Recorded information |
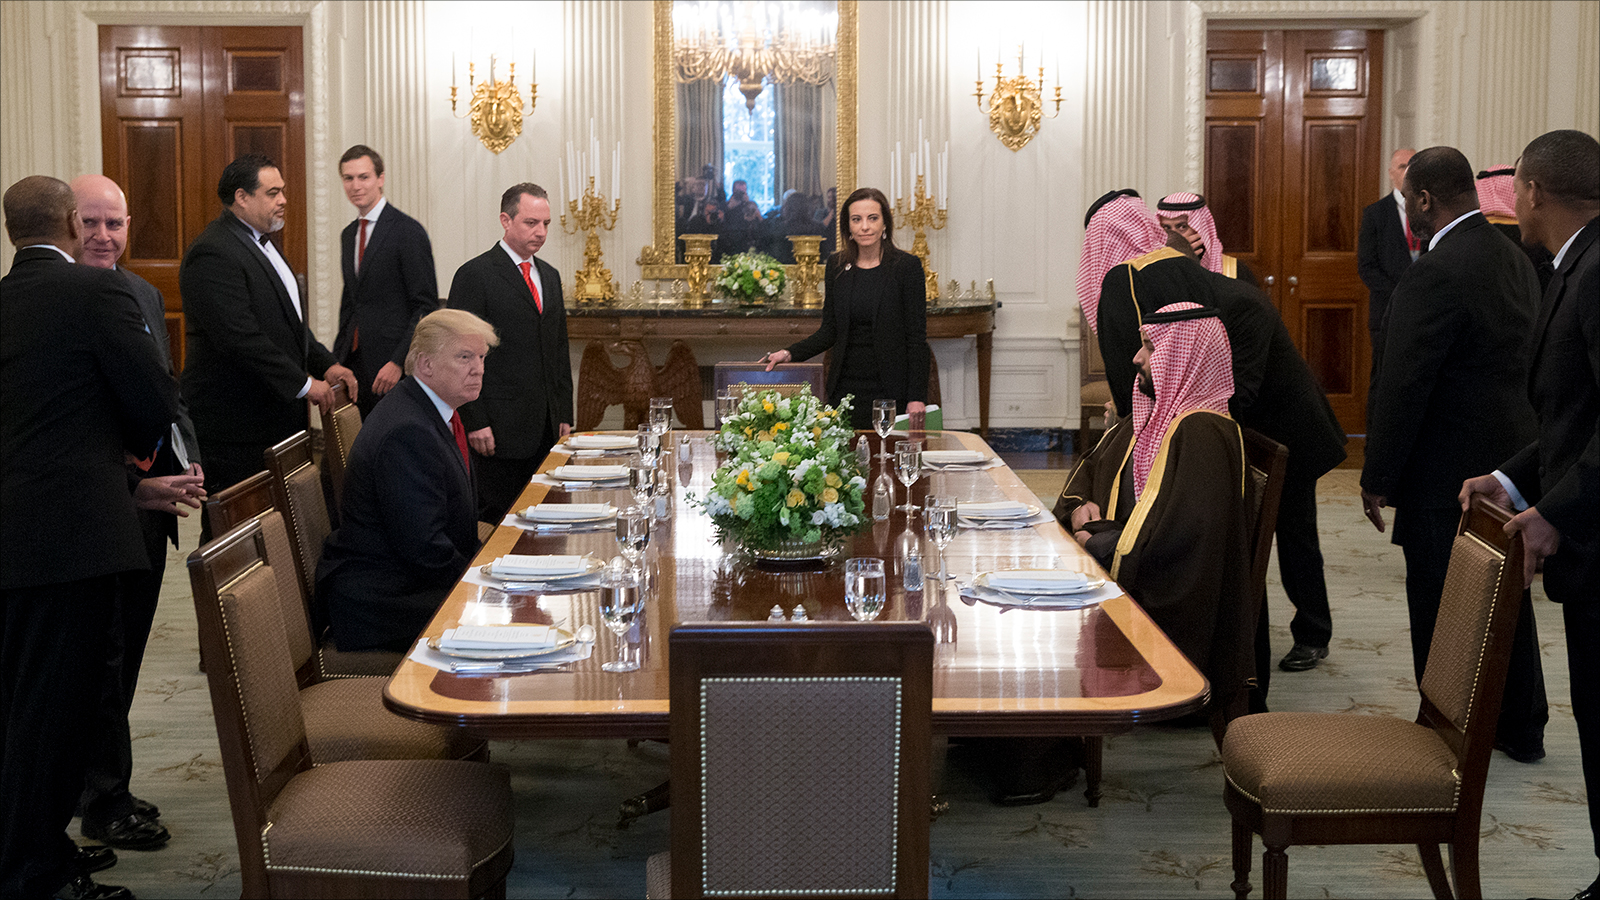  ولي العهد السعودي أثناء مأدبة عشاء مع الرئيس الأميركي دونالد ترامب بواشنطن (الأوروبية)
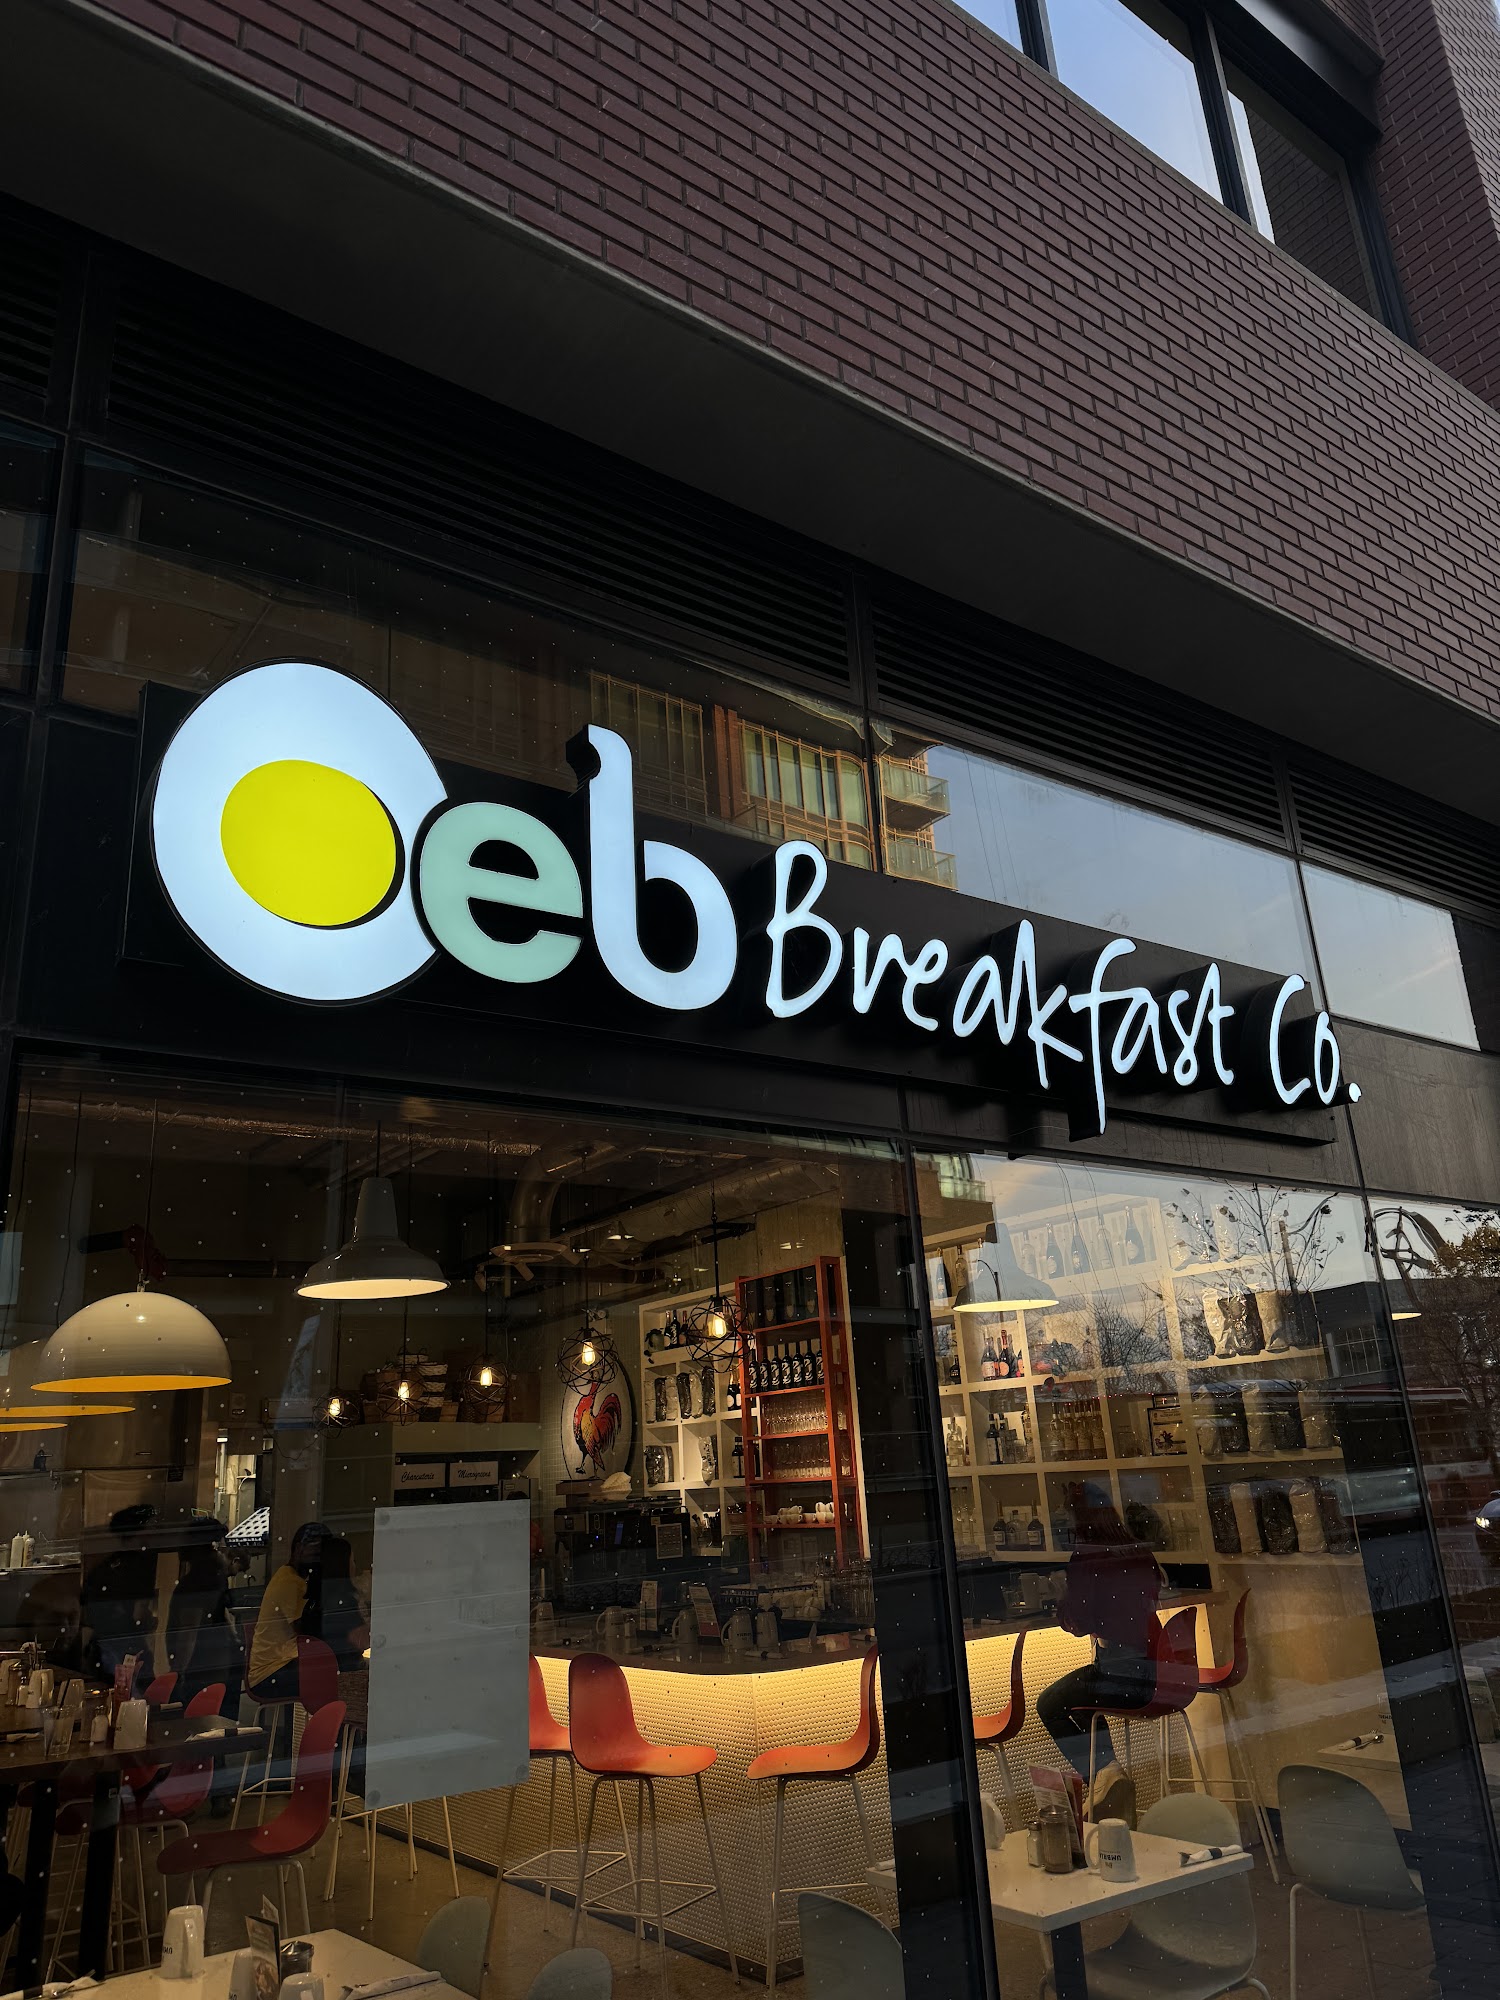 OEB Breakfast Co.
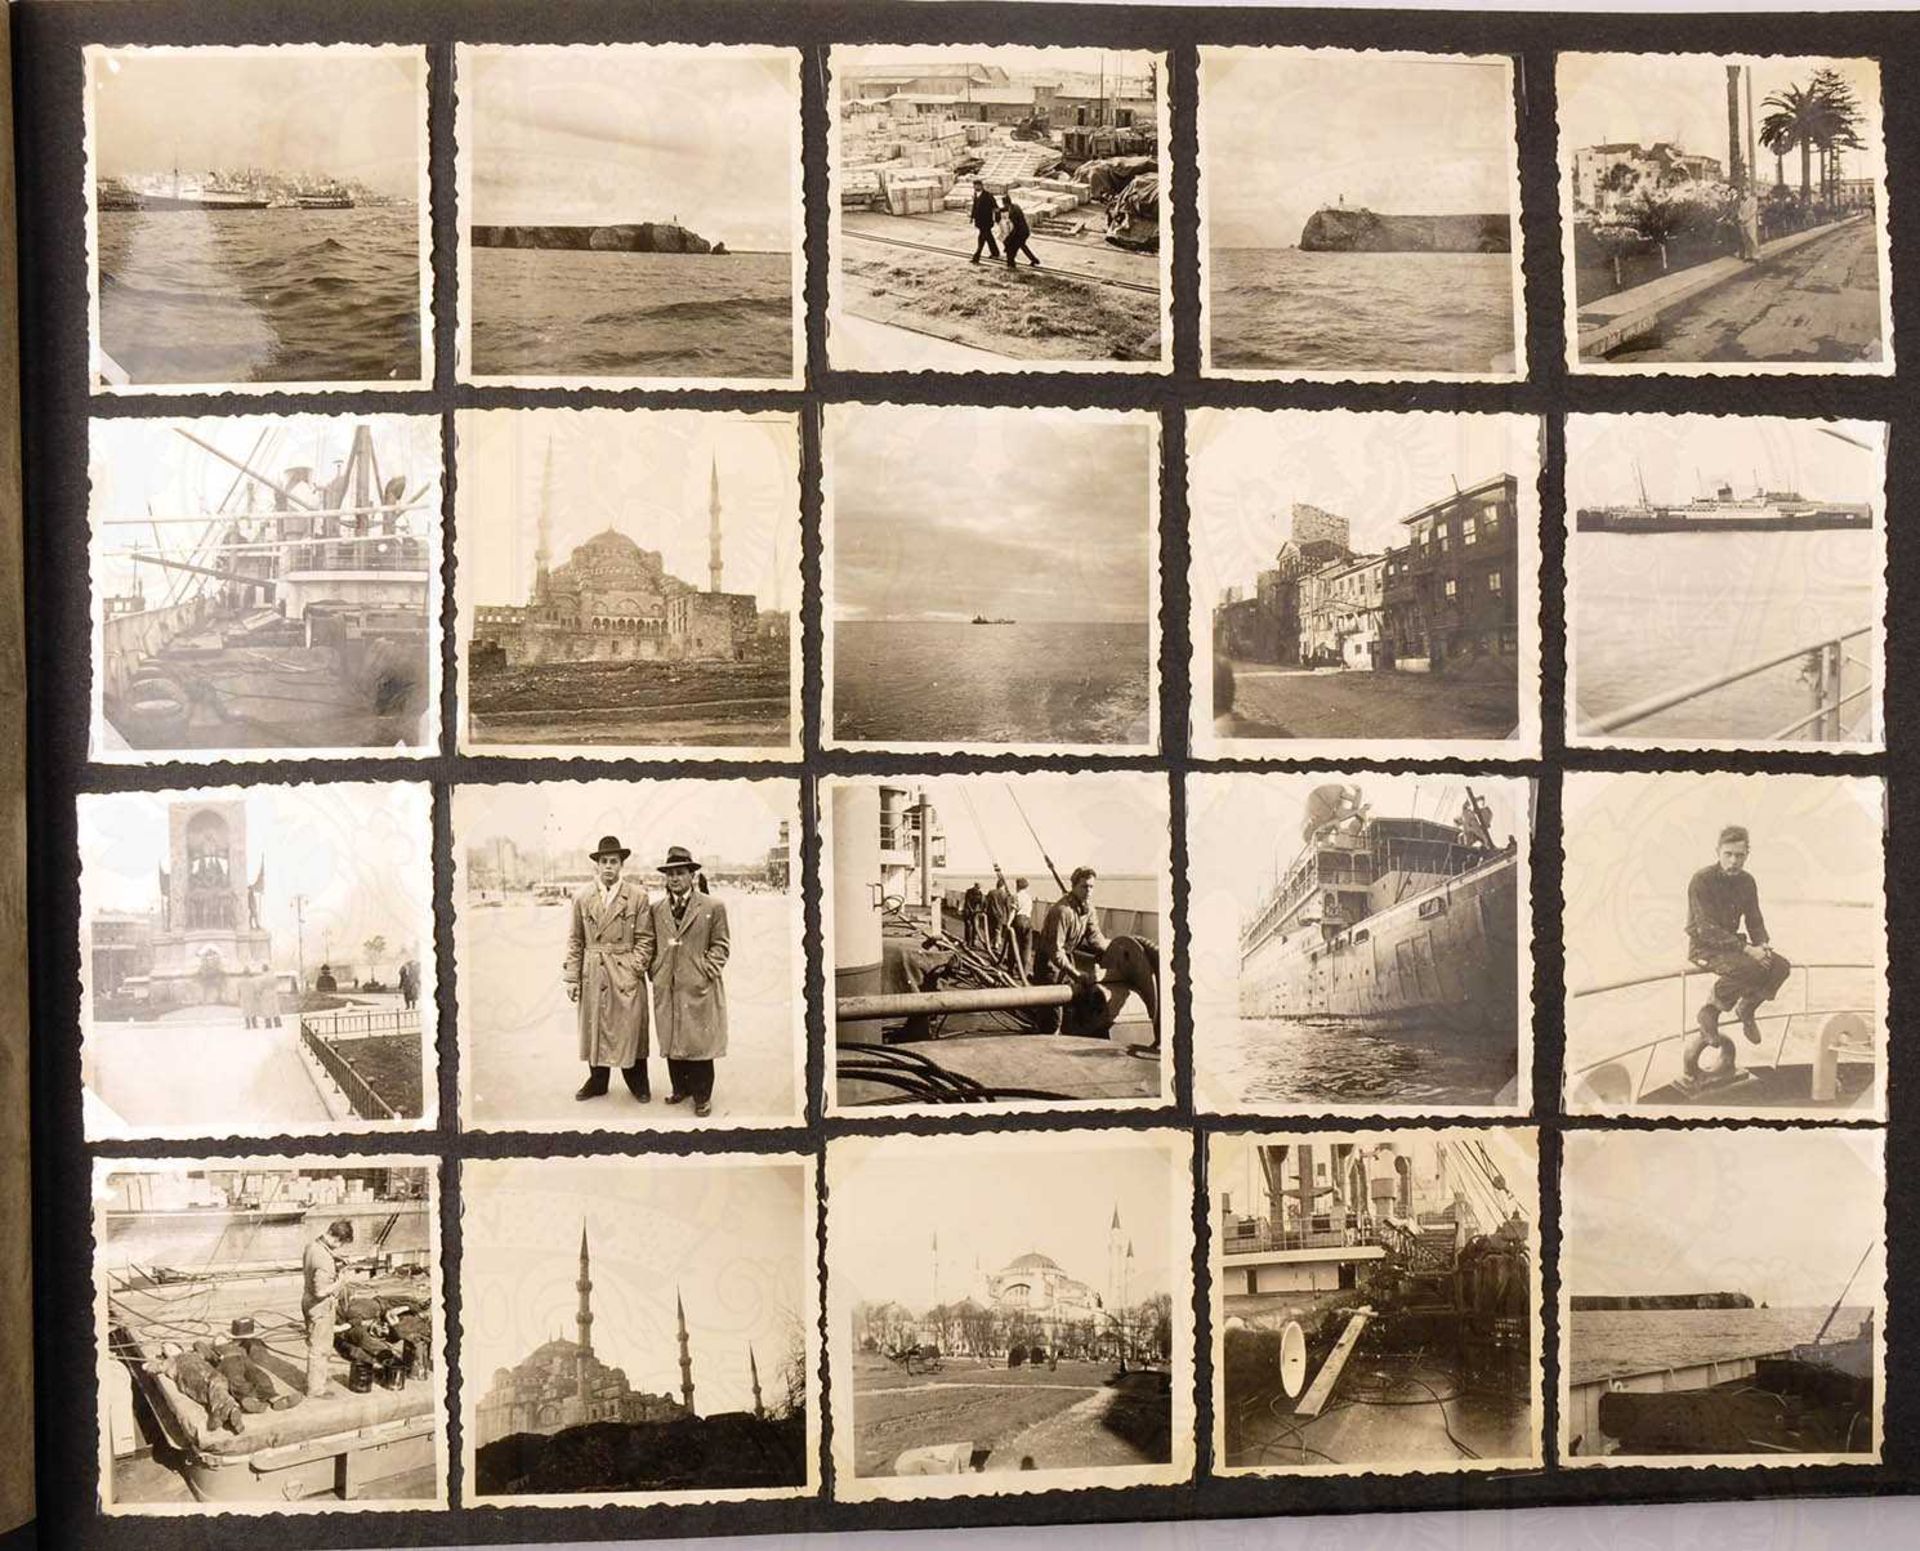 FOTOALBUM EINES BESATZUNGSMITGLIEDS, des deutschen Frachtschiffes Libanon, über 170 Aufn., um - Bild 3 aus 5

Action item |
Could you write out every line above exactly as it stands, with no images?

Solution for this exercise |
  ولي العهد السعودي أثناء مأدبة عشاء مع الرئيس الأميركي دونالد ترامب بواشنطن (الأوروبية)
 OEB Breakfast Co.
 FOTOALBUM EINES BESATZUNGSMITGLIEDS, des deutschen Frachtschiffes Libanon, über 170 Aufn., um - Bild 3 aus 5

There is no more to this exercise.